Sábado, Julho 30, 2005

Açúcar e amor



Amor é lindo, é doce, mas, enjoa. Então, fiz um pacto comigo mesma para dar um tempo em falar de amor aqui. Não queria estimular a formação de leitores diabéticos. É engraçado perceber como conseguimos ser tão tolos em relação a algumas coisas. Porque escrevemos o que somos. E somos o que sentimos. São as histórias da nossa vida que nos inspiram as melhores idéias para escrever, para dizer, em textos curtos ou longos, como nos sentimos em relação à vida. E, ao me privar de falar de amor, simplesmente tirei de mim a inspiração para escrever. Não sai mais nada. Sento na frente de uma tela em branco por horas, muito a fim de escrever algo legal, mas, na boua, não consigo. Culpa de quem? Do amor.

Essa é uma fase em que o amor tem mexido comigo de tantas maneiras diferentes. Não falo apenas do amor romântico, mas, também, do amor fraternal, do amor materno, do amor divino, do amor próprio. Tenho tantas histórias de amor em curso que me sinto tocada por um milagre especial.

Fiz escolhas de vida importantíssimas por amor a mim mesma; à pessoa que descobri ser; aos valores que descobri ter. Apesar das pedrinhas no meio do caminho, aconteceram, nas últimas duas semanas, fatos que confirmaram o acerto das escolhas. E esses fatos somente posso justificar pelo amor divino. Nos momentos de angústia e desespero, olho para o Homem Lá de Cima e peço que Ele faça alguma coisa para me permitir continuar acreditando. Não tem uma única vez que Ele não atenda o meu pedido e é tão bom me sentir amada por Alguém assim.
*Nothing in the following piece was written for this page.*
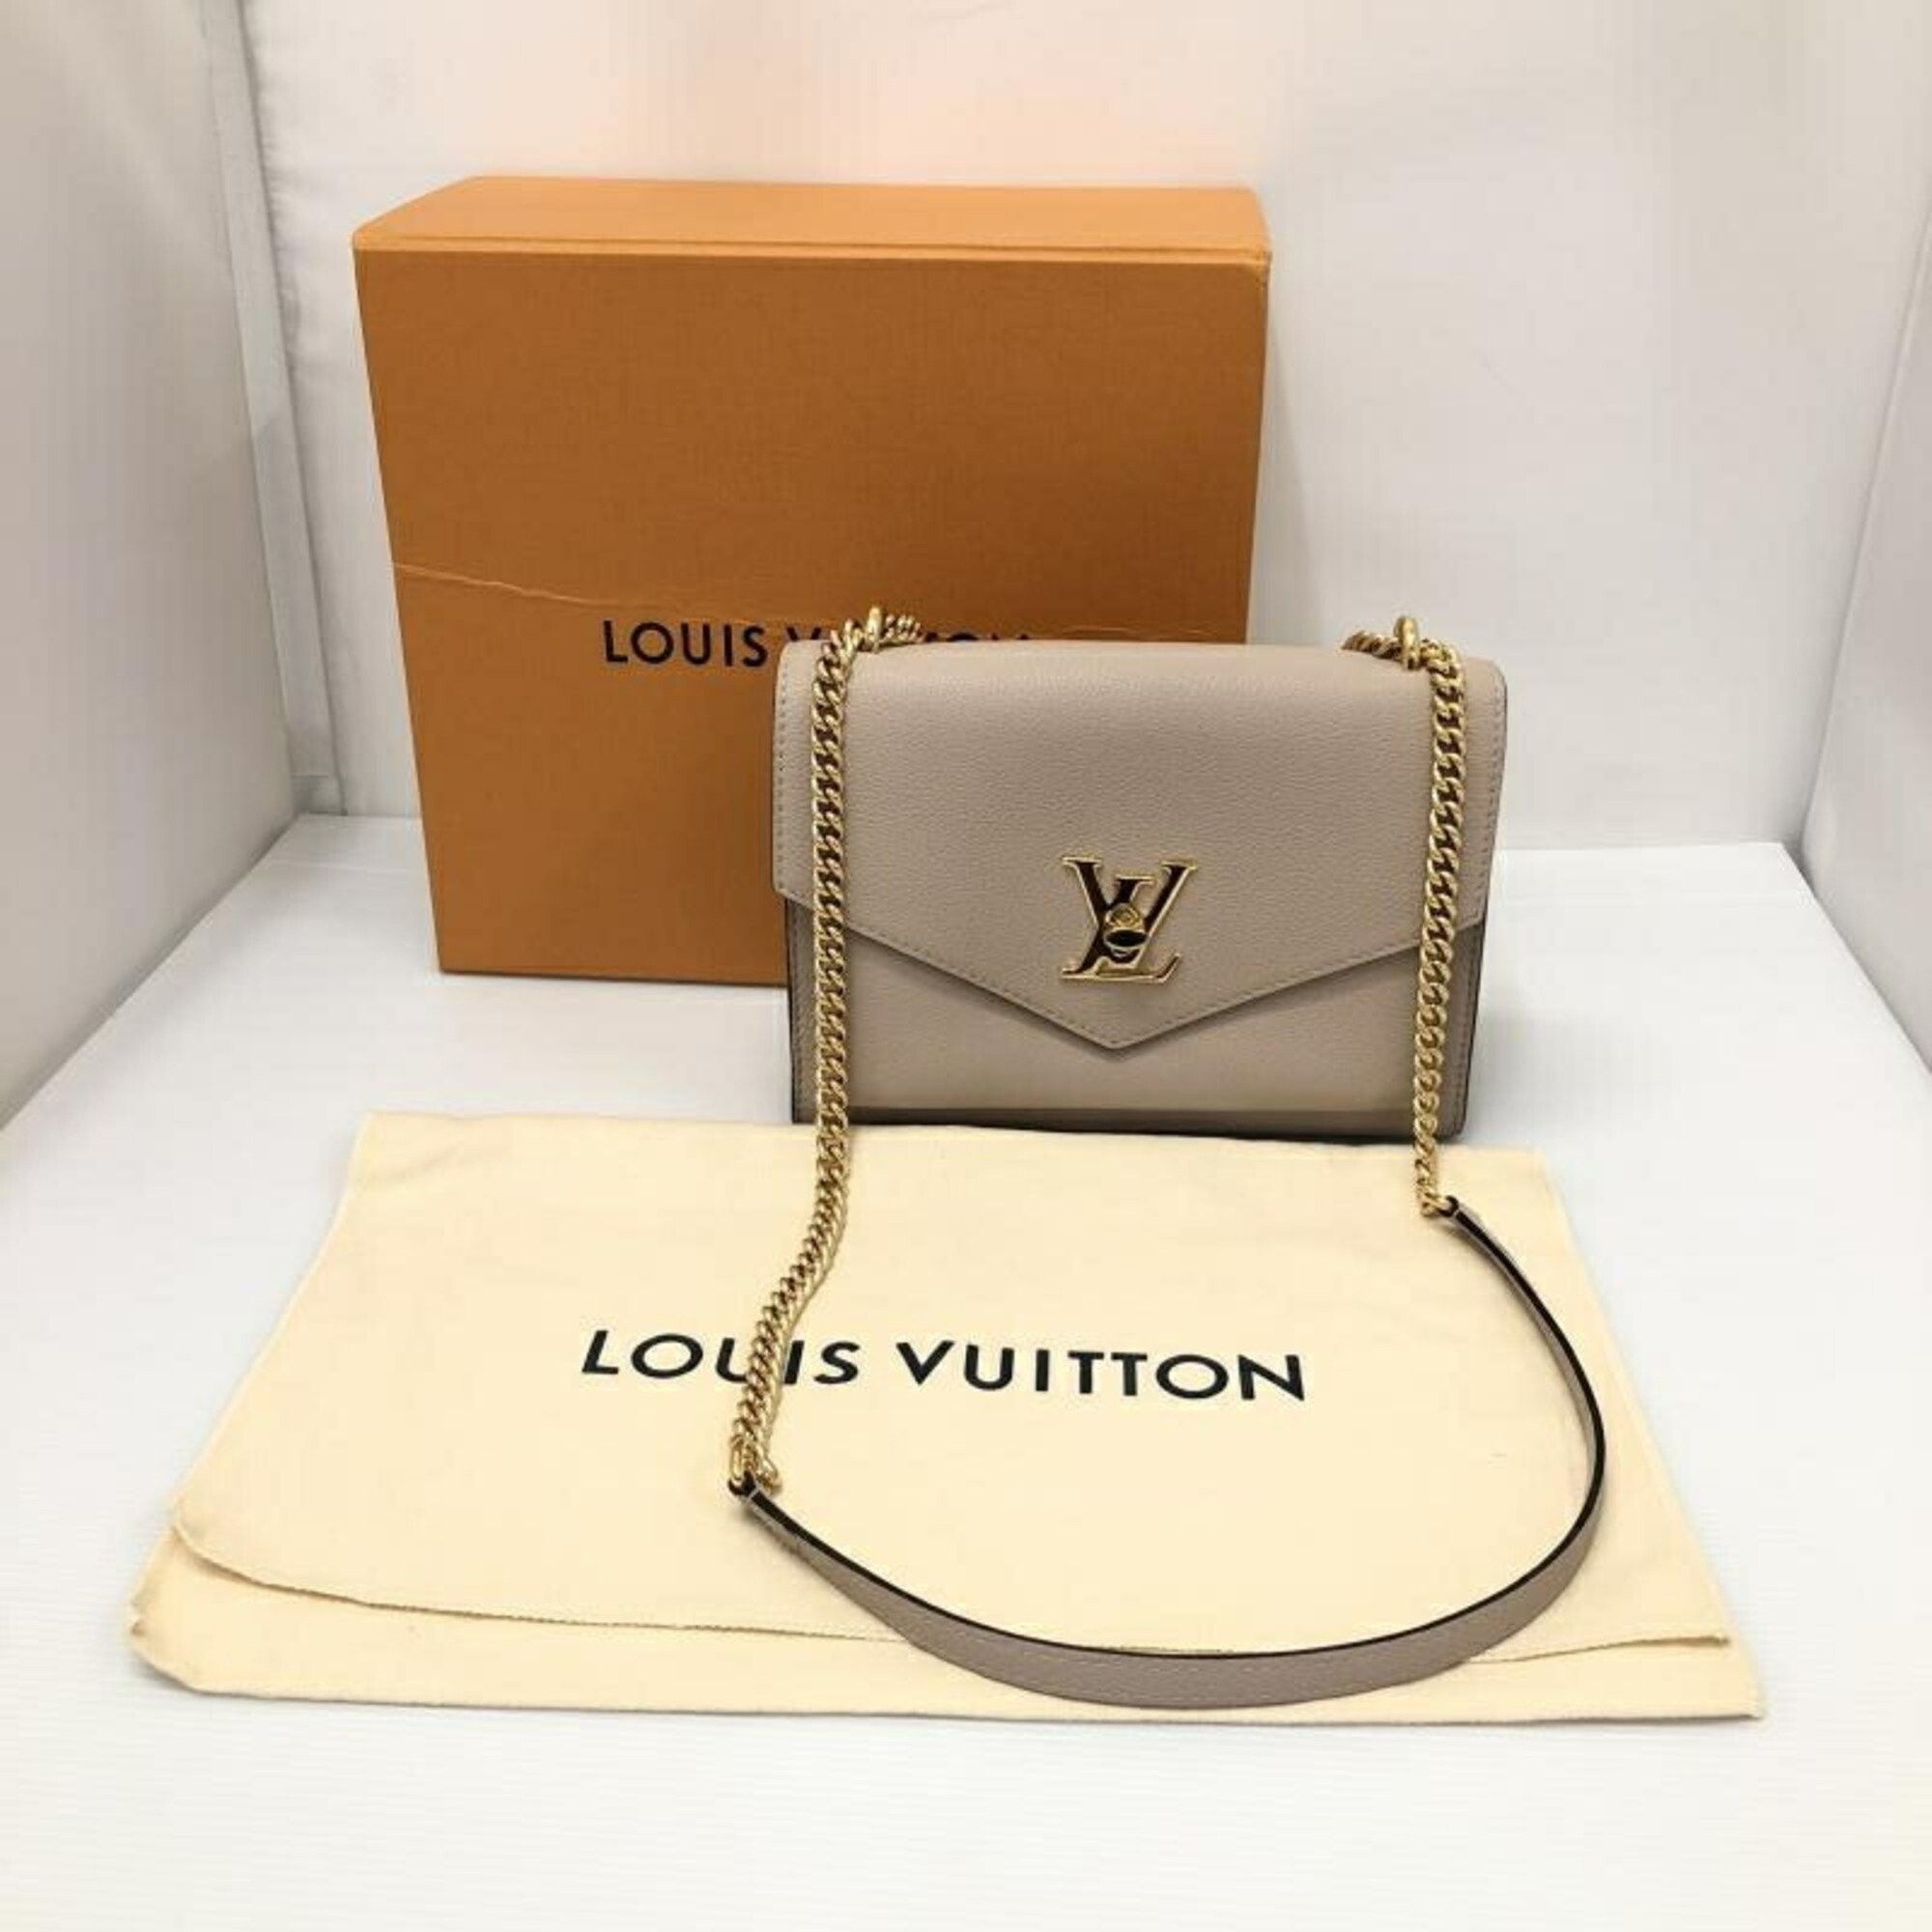 Authentic LOUIS VUITTON Lockme Chain M56137 Shoulder bag #260-004

No meio de tudo, também me sinto abraçada pelo amor fraterno. Penso nas pessoas que estão ao meu redor, nos amigos queridos que a vida me deu, e tenho vontade até de chorar. Porque a proximidade deles torna cada momento triste tão fácil de ser suportado e cada momento de felicidade tão bom de ser partilhado. Os amigos me fazem sentir tão rica, tão absurdamente afortunada, a ponto de fazerem certas questões materiais parecerem uma piada sem graça.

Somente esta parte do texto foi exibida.